*WORK ORDER:* The reply needs the lines from the one containing "15mm dark ages" through the end of the material, each repeated exactly, and no pictures.

*DATA SEGMENT:*
☆ ☆ ☆

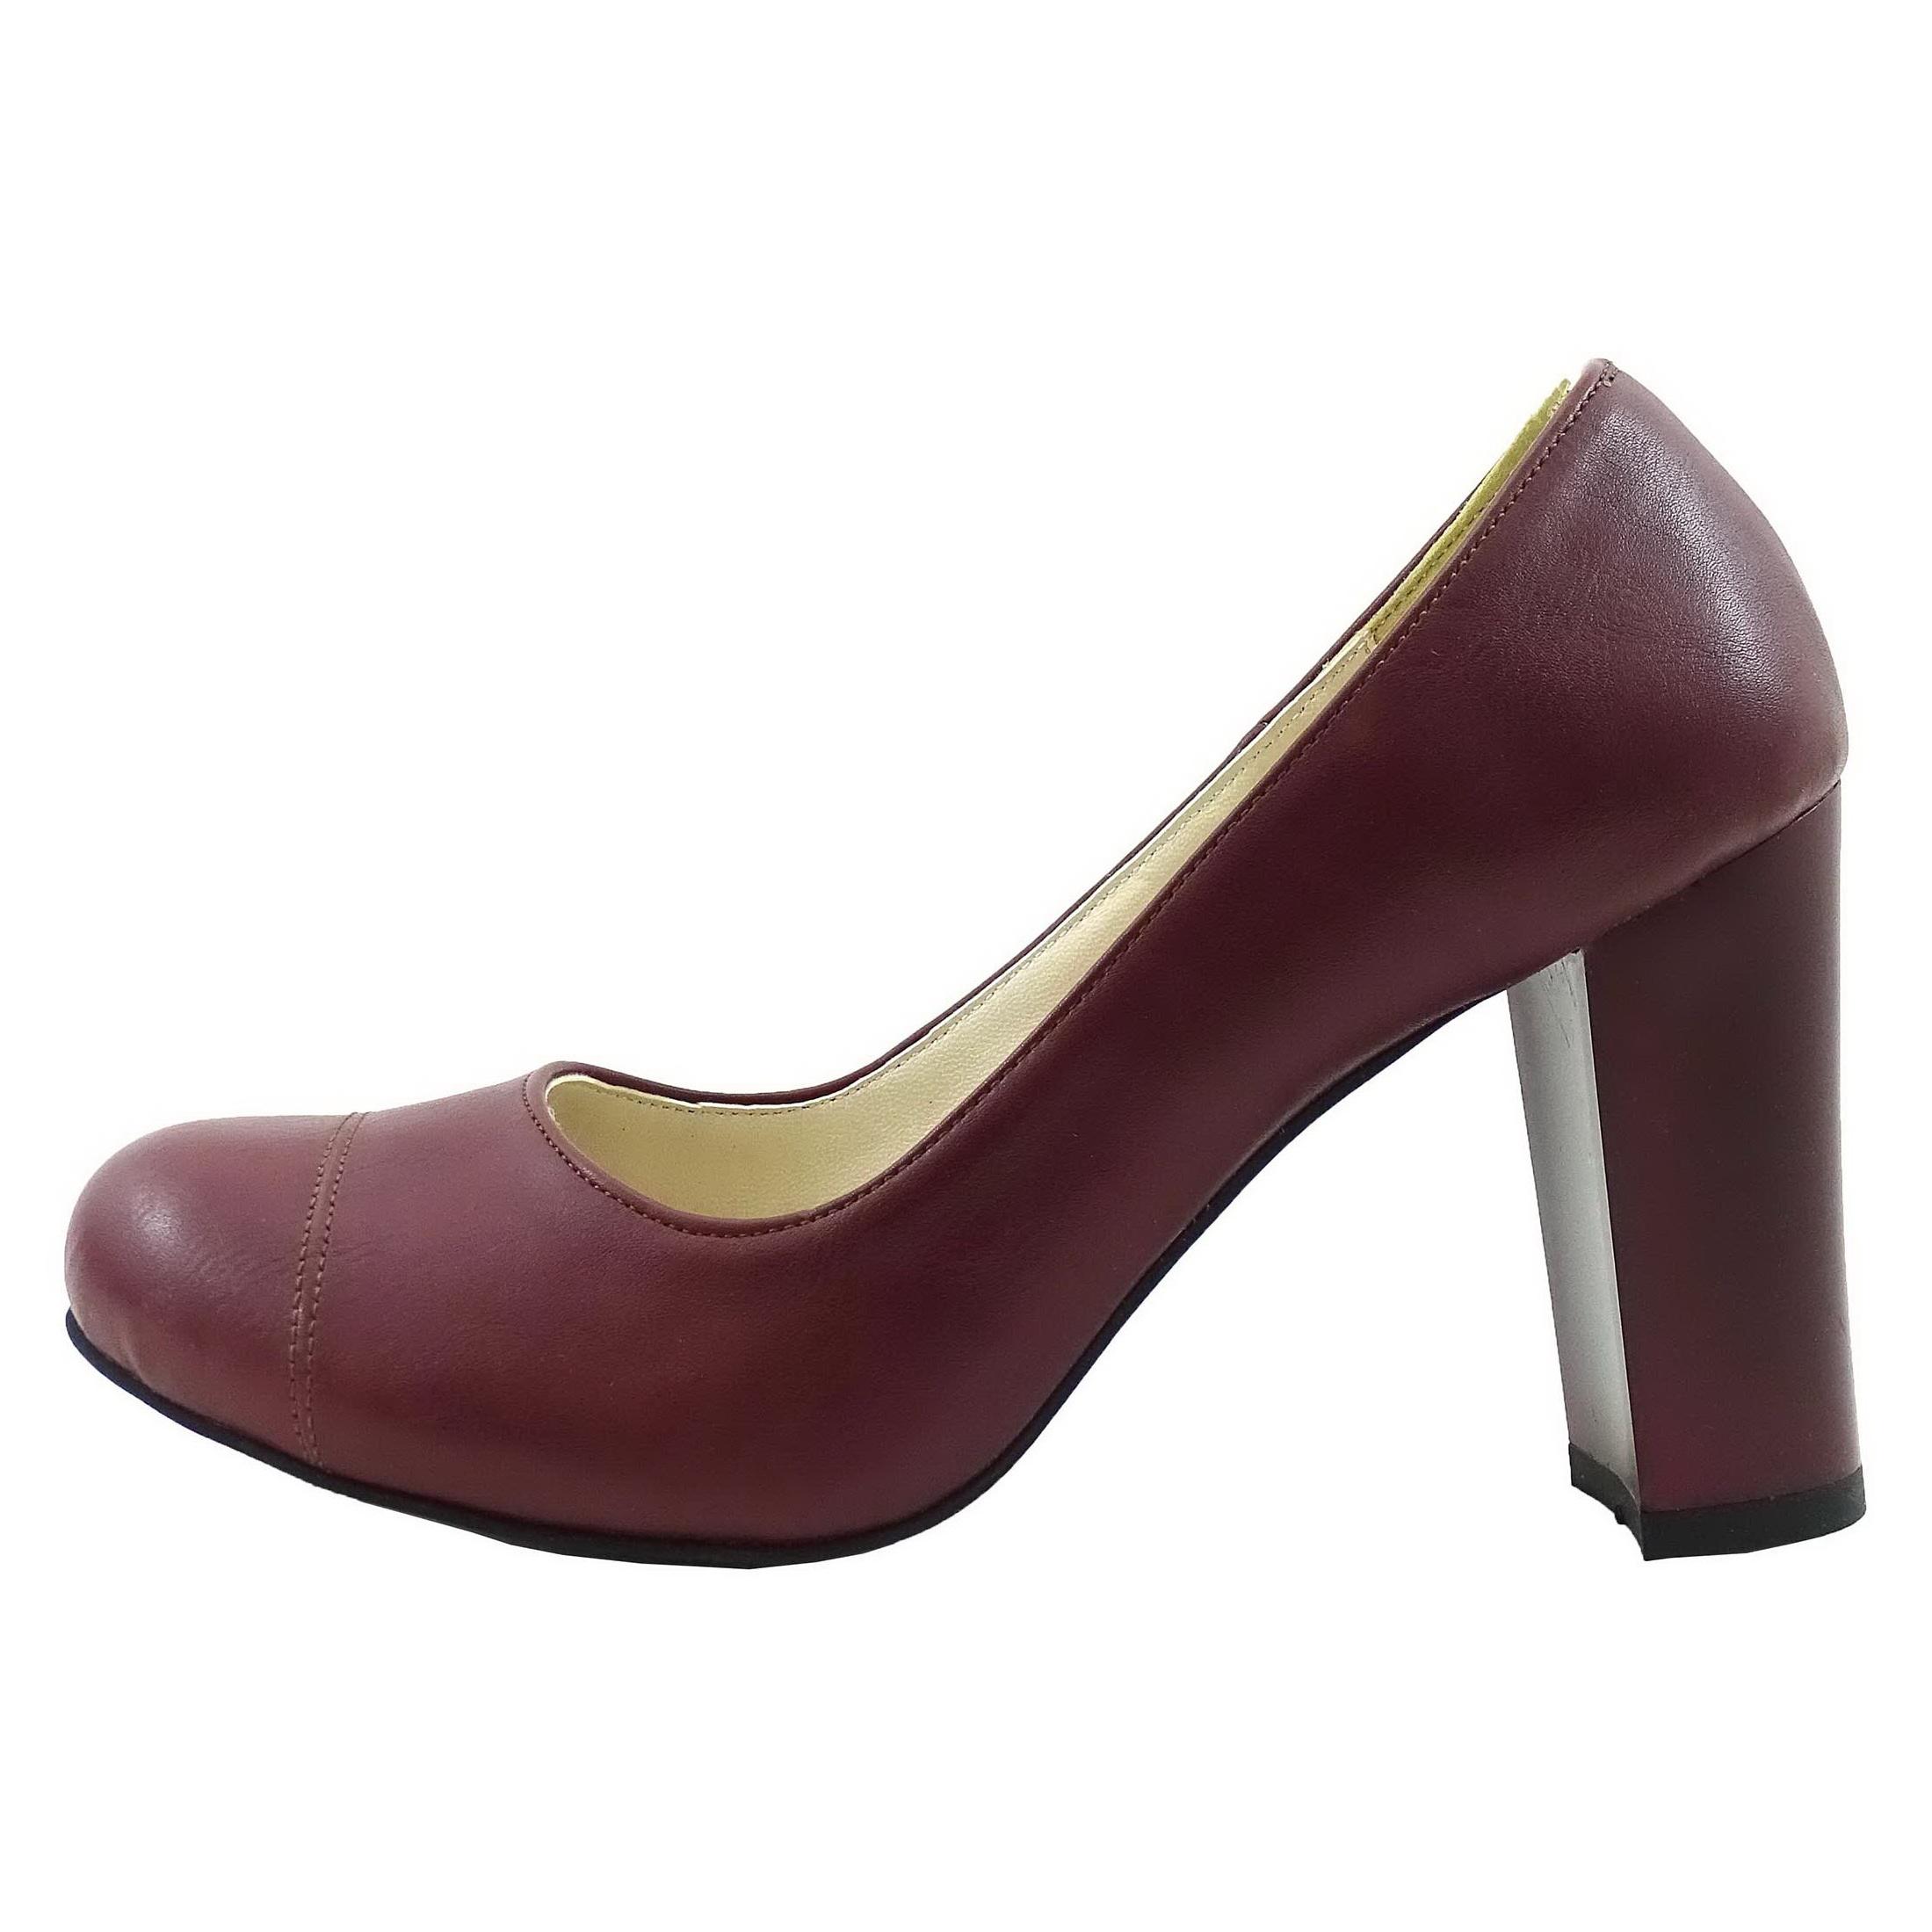 کفش نه آذاردو مدل W00723
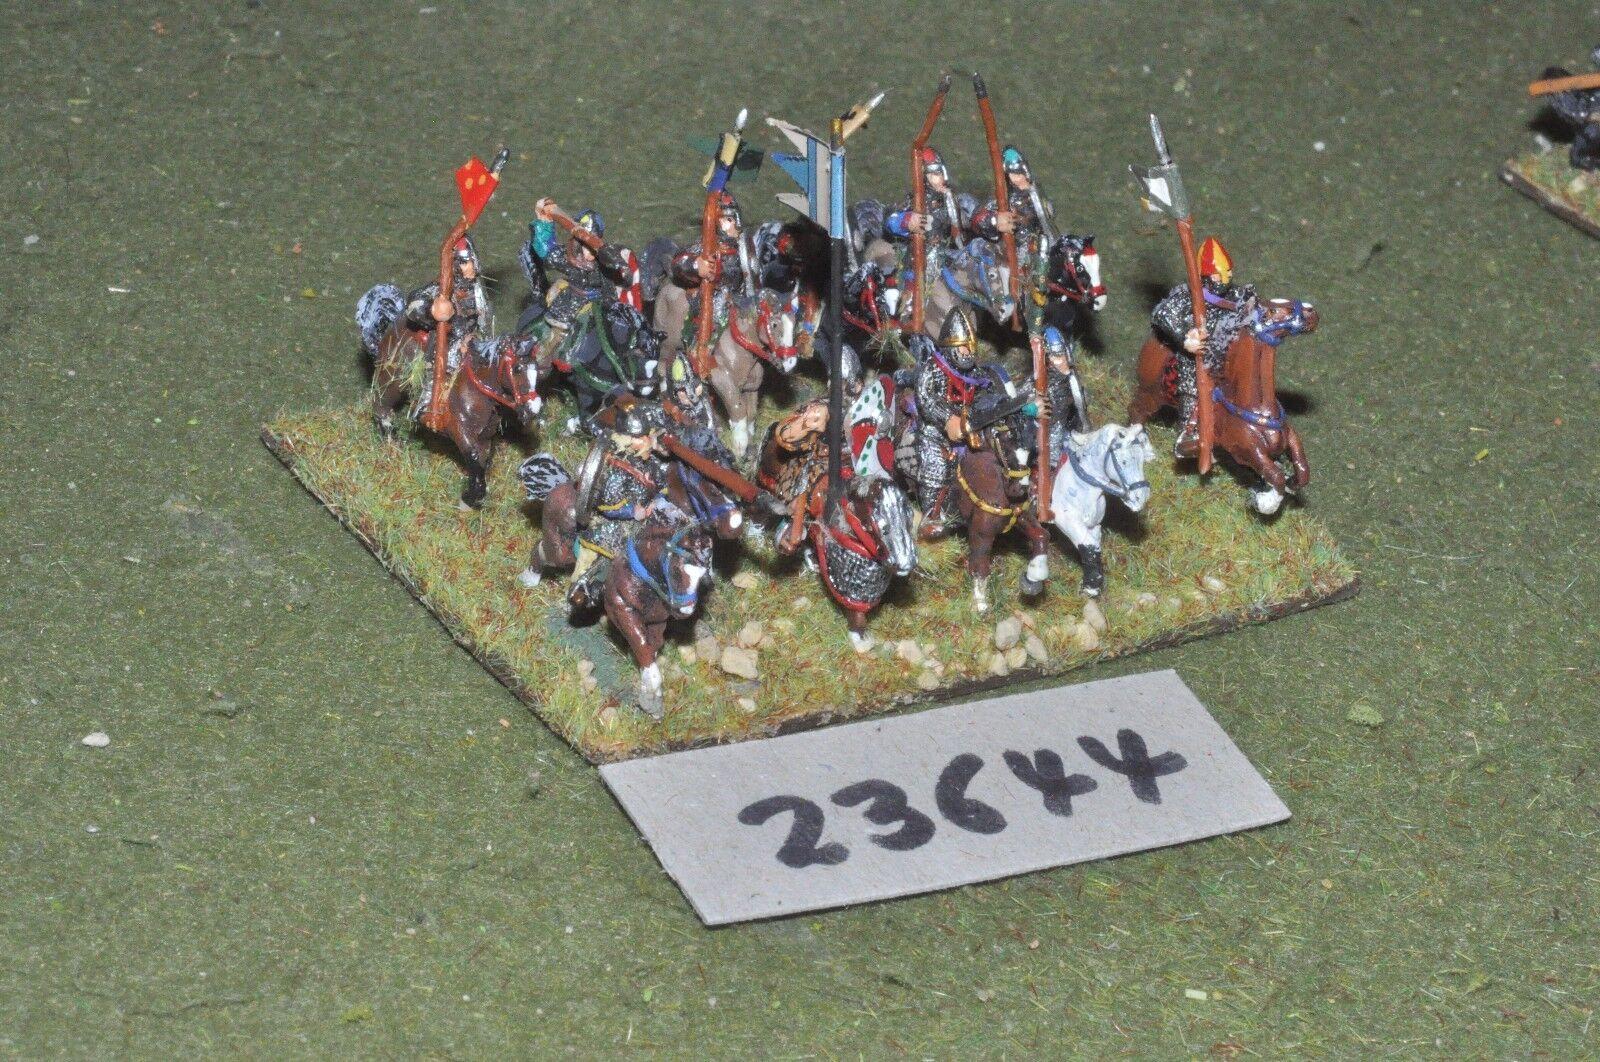 15mm dark ages   norman - milites 12 figures - cav (23644)
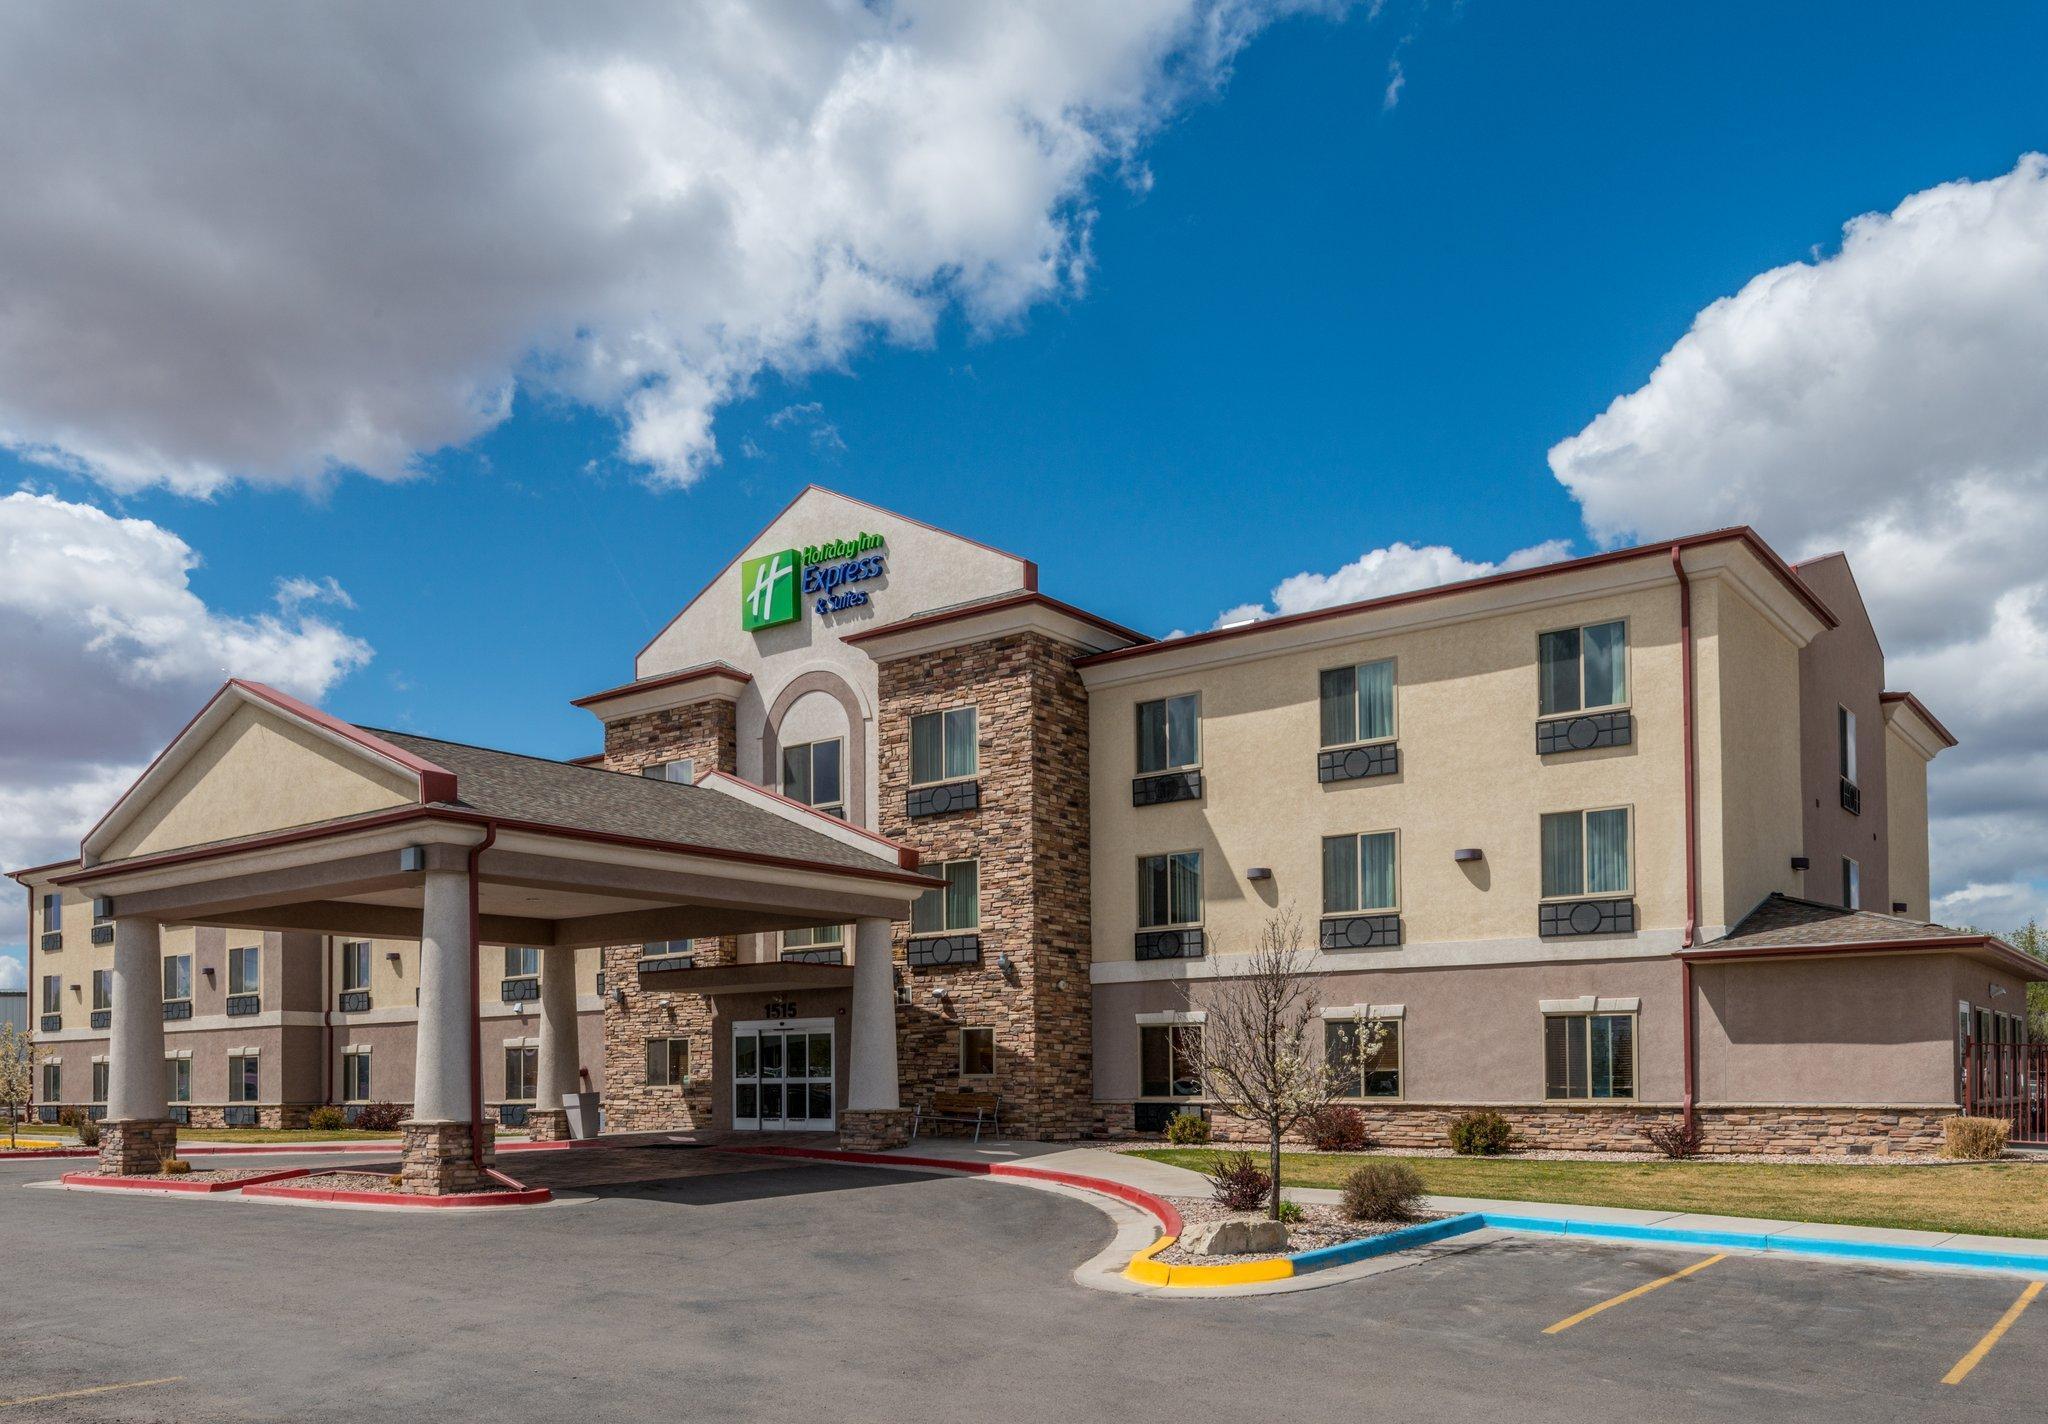 Holiday Inn Express Hotel Vernal, Uintah

☆ ☆ ☆

*THE ANSWER:*
 15mm dark ages   norman - milites 12 figures - cav (23644)
 Holiday Inn Express Hotel Vernal, Uintah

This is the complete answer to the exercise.